Part 1: What is centralised financing and why do companies use it?
Combining financing with a decentralised operating model
In this first article, we explain what we mean by centralised financing and why many companies use it. In the follow-up articles, we will discuss the pitfalls, the requirements that centralised financing places on the structure of the treasury function, and how to properly design internal financing.
What is centralised financing?
Most companies consist of a group of legal entities managed by a holding company, where the group’s executive management and various support functions are located. The group may consist of multiple legal entities, possibly operating in different countries, sometimes organised into divisions, business activities, or country organisations.
Centralised financing refers to organising the vast majority of the group’s funding through a centrally negotiated financing agreement. Depending on the financing volume, this may be a bilateral agreement with a single bank or a club deal involving multiple banks. Because banks want control over underlying cash flows and assets, centralised financing is usually accompanied by joint and several liability for most group members. For this, a guarantor cover is agreed, requiring that the jointly liable entities represent at least 80–85% of the group’s consolidated EBITDA and balance sheet. Banks will also want to limit or strongly restrict other financing or security arrangements at the local level.
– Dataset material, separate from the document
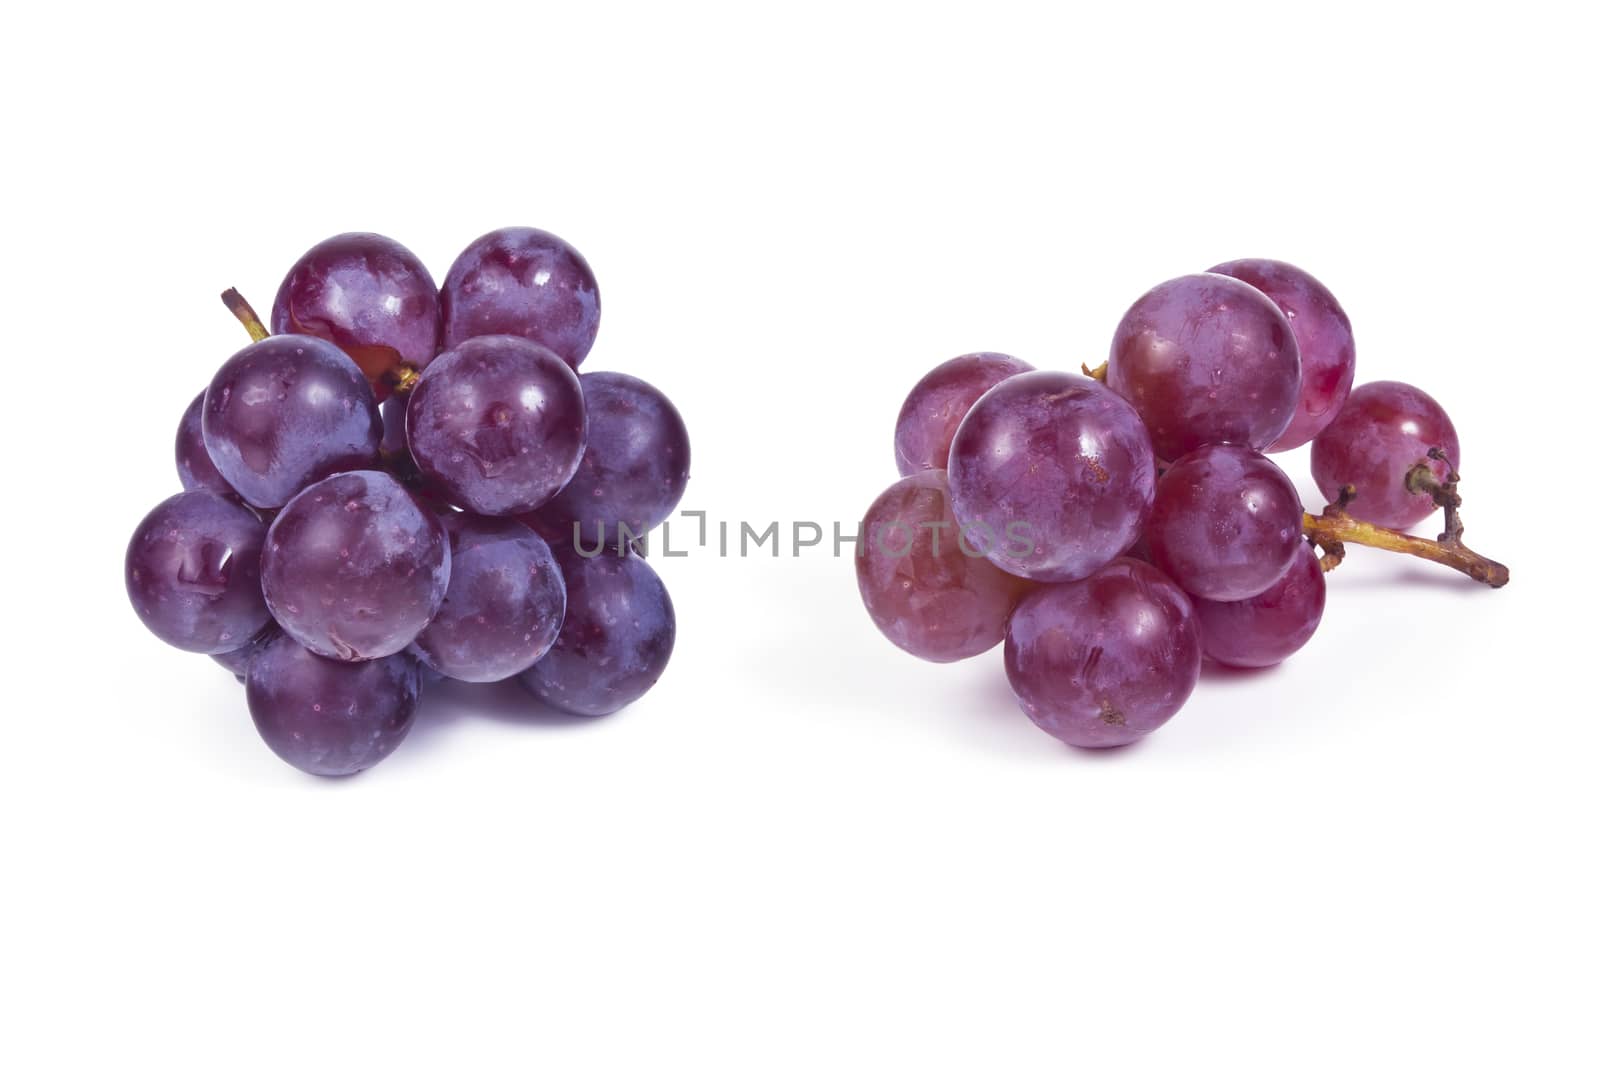 Dark grapes by pilotL39

Why do companies use centralised financing?
Companies may choose centralised financing because it offers several advantages over local financing. Centralised financing:
Increases the group’s financing capacity
The group, based on the guarantor cover, typically has a stronger credit profile than the individual group entities. As a result, the group can raise substantially more funding under a single central financing agreement than the combined total of what the individual entities could obtain locally.
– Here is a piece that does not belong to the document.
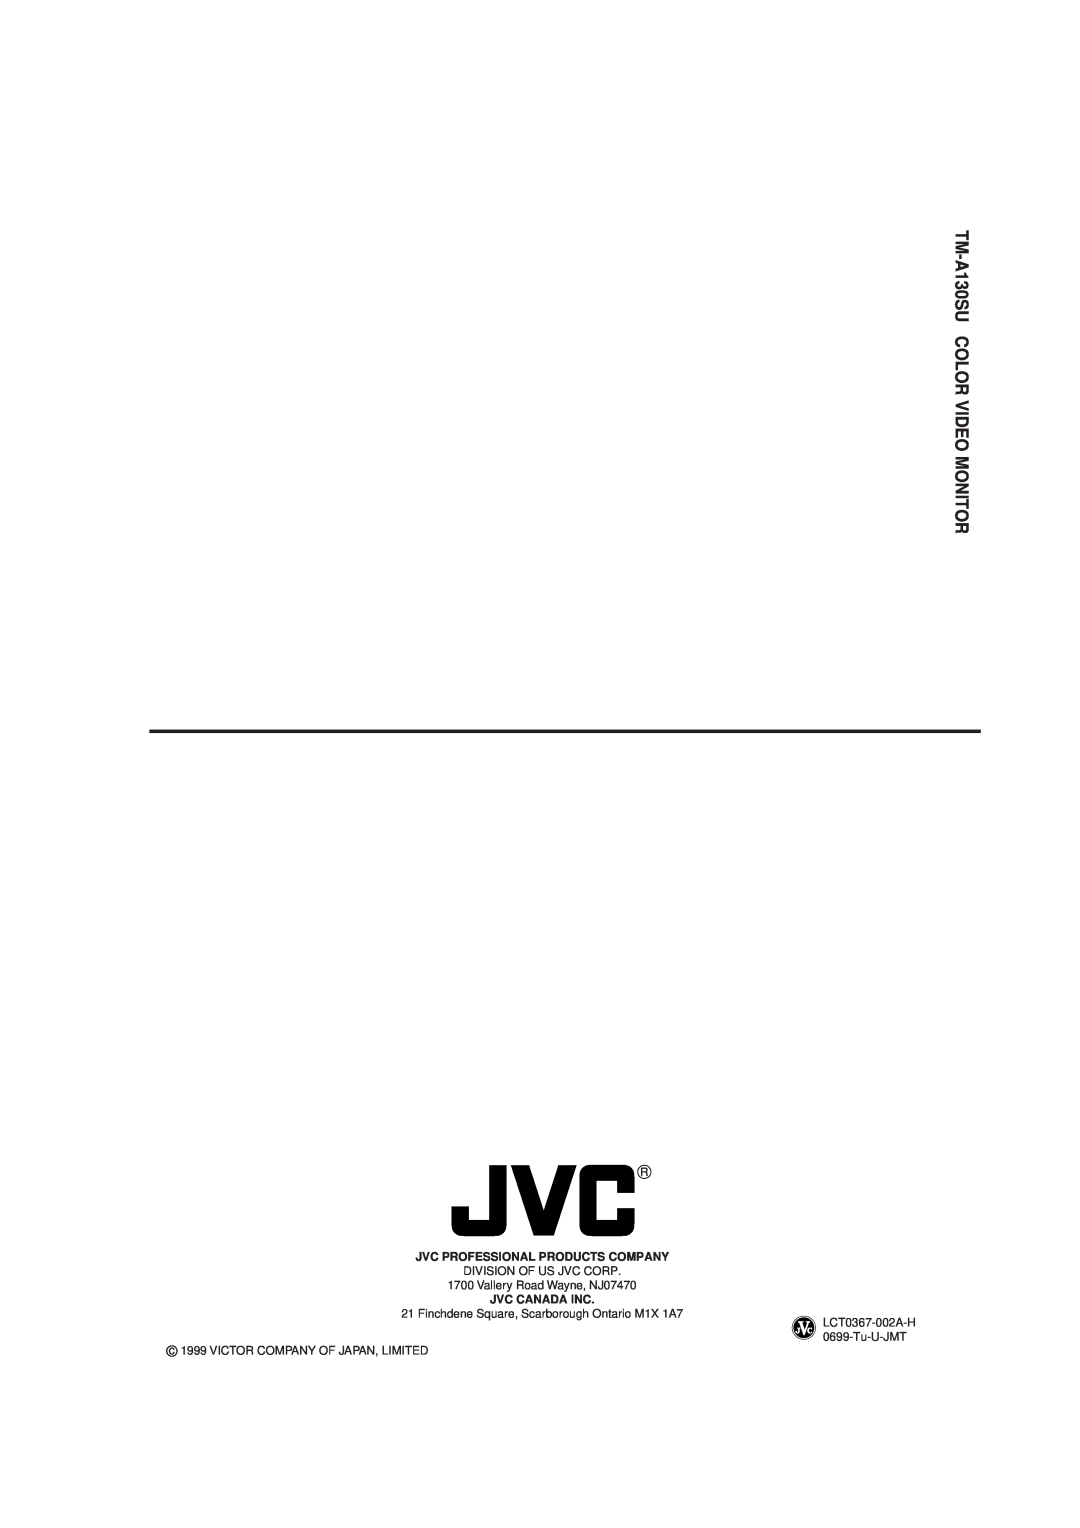 JVC manual TM-A130SU COLOR VIDEO MONITOR, Jvc Professional Products Company, Jvc Canada Inc

Provides purchasing advantages
Due to the lower overall credit risk and the larger financing volume, the group can negotiate much better terms than individual entities would be able to secure. The increased scale also gives the group access to a broader range of financing markets and lenders.
Allows freedom of action within the group
Within a single financing agreement, there are no restrictions on transactions between group entities. This is essential, for example, for centralising liquidity in a group cash pool.
Offers uniform documentation and financial covenants
With centralised financing, the group can rely on one set of documents, governed by the law of the holding company’s jurisdiction, forming the basis for all financing arrangements within the group. These agreements include one set of financial covenants based on the group’s consolidated financial statements. Under local financing, each entity would instead need its own agreements under local law, local security packages, and individual financial covenants.
Despite these advantages, they are usually not the primary reason a group decides to move to centralised financing. The transition is often driven by necessity. A major acquisition, for example, may not be financeable through the local credit facilities of individual entities. The scale of the required funding forces the group to enter into a central financing arrangement based on the group’s consolidated financial strength.
Once this shift toward centralised financing is made, companies often fail to adapt their treasury function and internal financing structure accordingly. That is the central theme of this series.